TTFT (Time To First Token)

The latency from when a user submits their prompt to when the first output token arrives. TTFT is dominated by prefill — processing the entire input prompt through every layer to build the KV cache. Prefill is compute-bound (not memory-bound like decode) because attention scales quadratically with prompt length. Under concurrent load, prefills are serialized on the GPU compute path.
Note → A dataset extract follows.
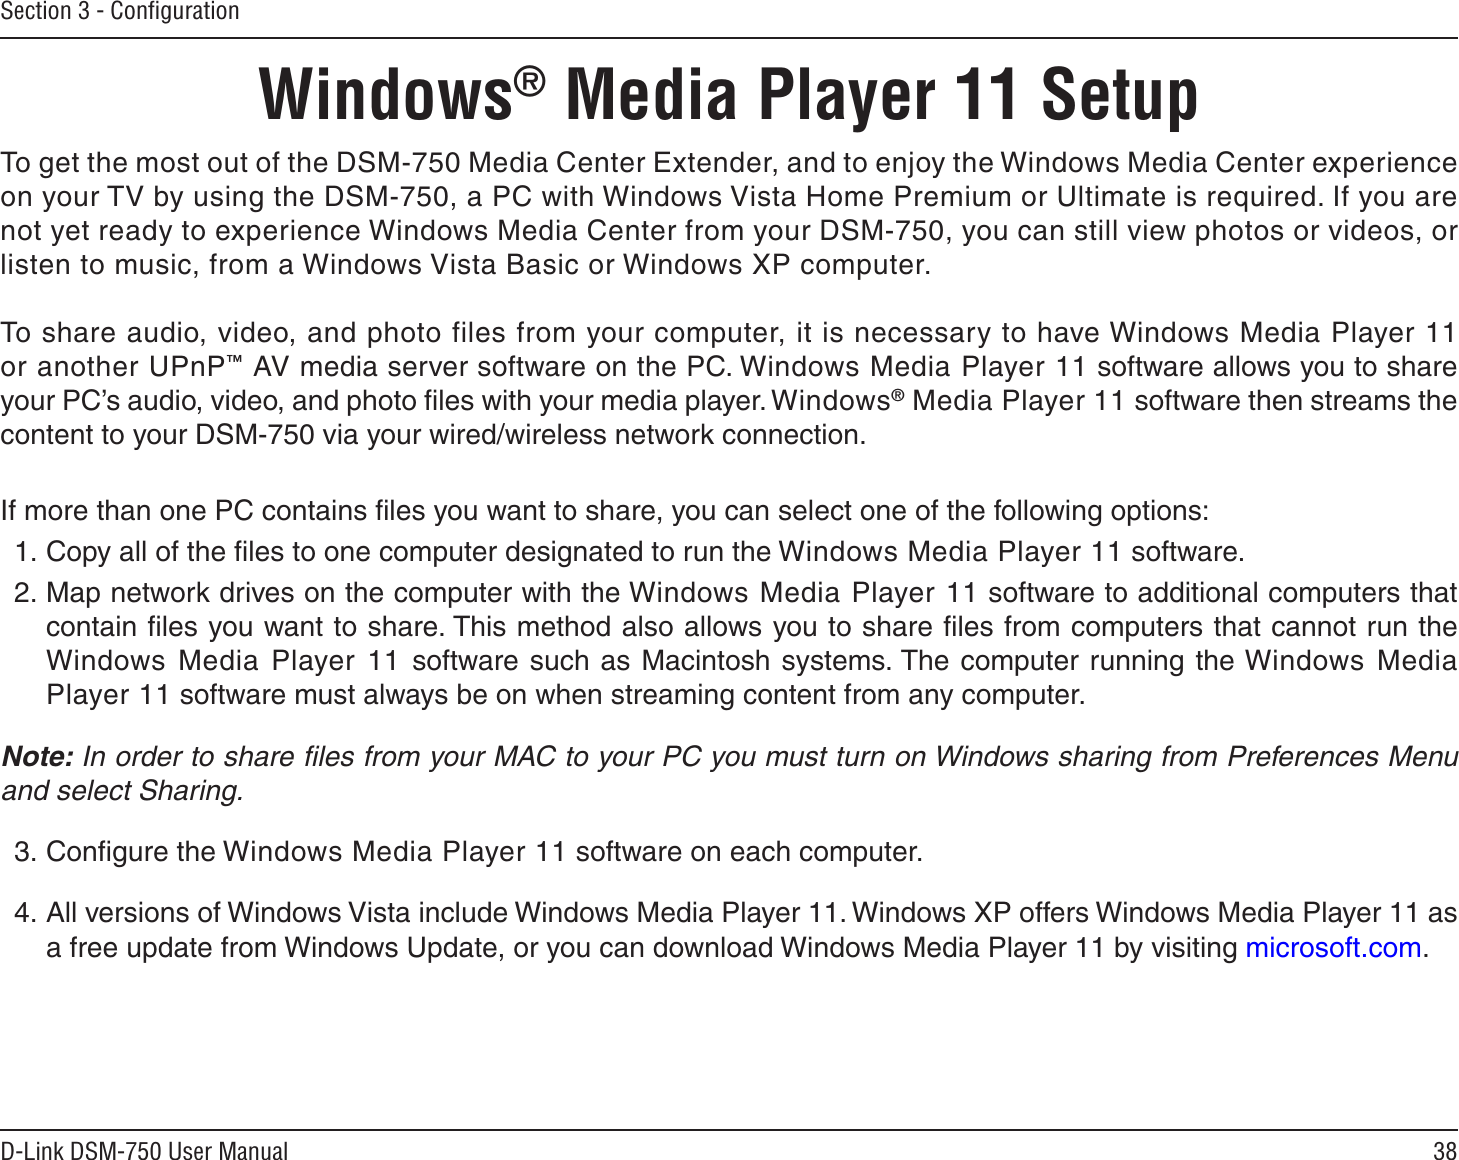 38D-Link DSM-750 User ManualSection 3 - ConﬁgurationTo get the most out of the DSM-750 Media Center Extender, and to enjoy the Windows Media Center experience on your TV by using the DSM-750, a PC with Windows Vista Home Premium or Ultimate is required. If you are not yet ready to experience Windows Media Center from your DSM-750, you can still view photos or videos, or listen to music, from a Windows Vista Basic or Windows XP computer. To share audio, video, and photo files from your computer, it is necessary to have Windows Media Player 11 or another UPnP™ AV media server software on the PC. Windows Media Player 11 software allows you to share your PC’s audio, video, and photo ﬁles with your media player. Windows® Media Player 11 software then streams the content to your DSM-750 via your wired/wireless network connection. If more than one PC contains ﬁles you want to share, you can select one of the following options:1. Copy all of the ﬁles to one computer designated to run the Windows Media Player 11 software.2. Map network drives on the computer with the Windows Media Player 11 software to additional computers that contain ﬁles you want to share. This method also allows you to share ﬁles from computers that cannot run the Windows Media Player 11 software such as Macintosh systems. The computer running the Windows Media Player 11 software must always be on when streaming content from any computer.  Note: In order to share ﬁles from your MAC to your PC you must turn on Windows sharing from Preferences Menu and select Sharing.3. Conﬁgure the Windows Media Player 11 software on each computer. 4. All versions of Windows Vista include Windows Media Player 11. Windows XP offers Windows Media Player 11 as a free update from Windows Update, or you can download Windows Media Player 11 by visiting microsoft.com.Windows® Media Player 11 Setup

With C concurrent users, a random user waits for C/2 prefills ahead of them:
TTFT(C users) = single_prefill_time × (C + 1) / 2
Interactive applications target < 1-5 seconds TTFT.

TTFT Breach Point

The maximum number of concurrent users before average TTFT exceeds the configured SLA threshold. Computed by solving:
single_prefill × (C + 1) / 2 = ttft_sla
→ C = 2 × ttft_sla / single_prefill - 1
Adding more GPUs increases TFLOPS, which reduces single prefill time, which pushes the breach point out. Adding NAND does not move the breach point — NAND doesn’t help prefill compute.

Single Prefill Time

The time to process one prompt through all layers with no queue contention. This is the atomic unit that TTFT is built from.
prefill_flops = (4 × N² × hidden_dim + 4 × N × ffn_dim) × layers
single_prefill = prefill_flops / (gpu_tflops × gpu_count × efficiency)
Where efficiency is ~35% (real-world vs peak TFLOPS). The quadratic attention term dominates at long contexts — a 32K prompt takes ~64x longer than a 4K prompt, not 8x.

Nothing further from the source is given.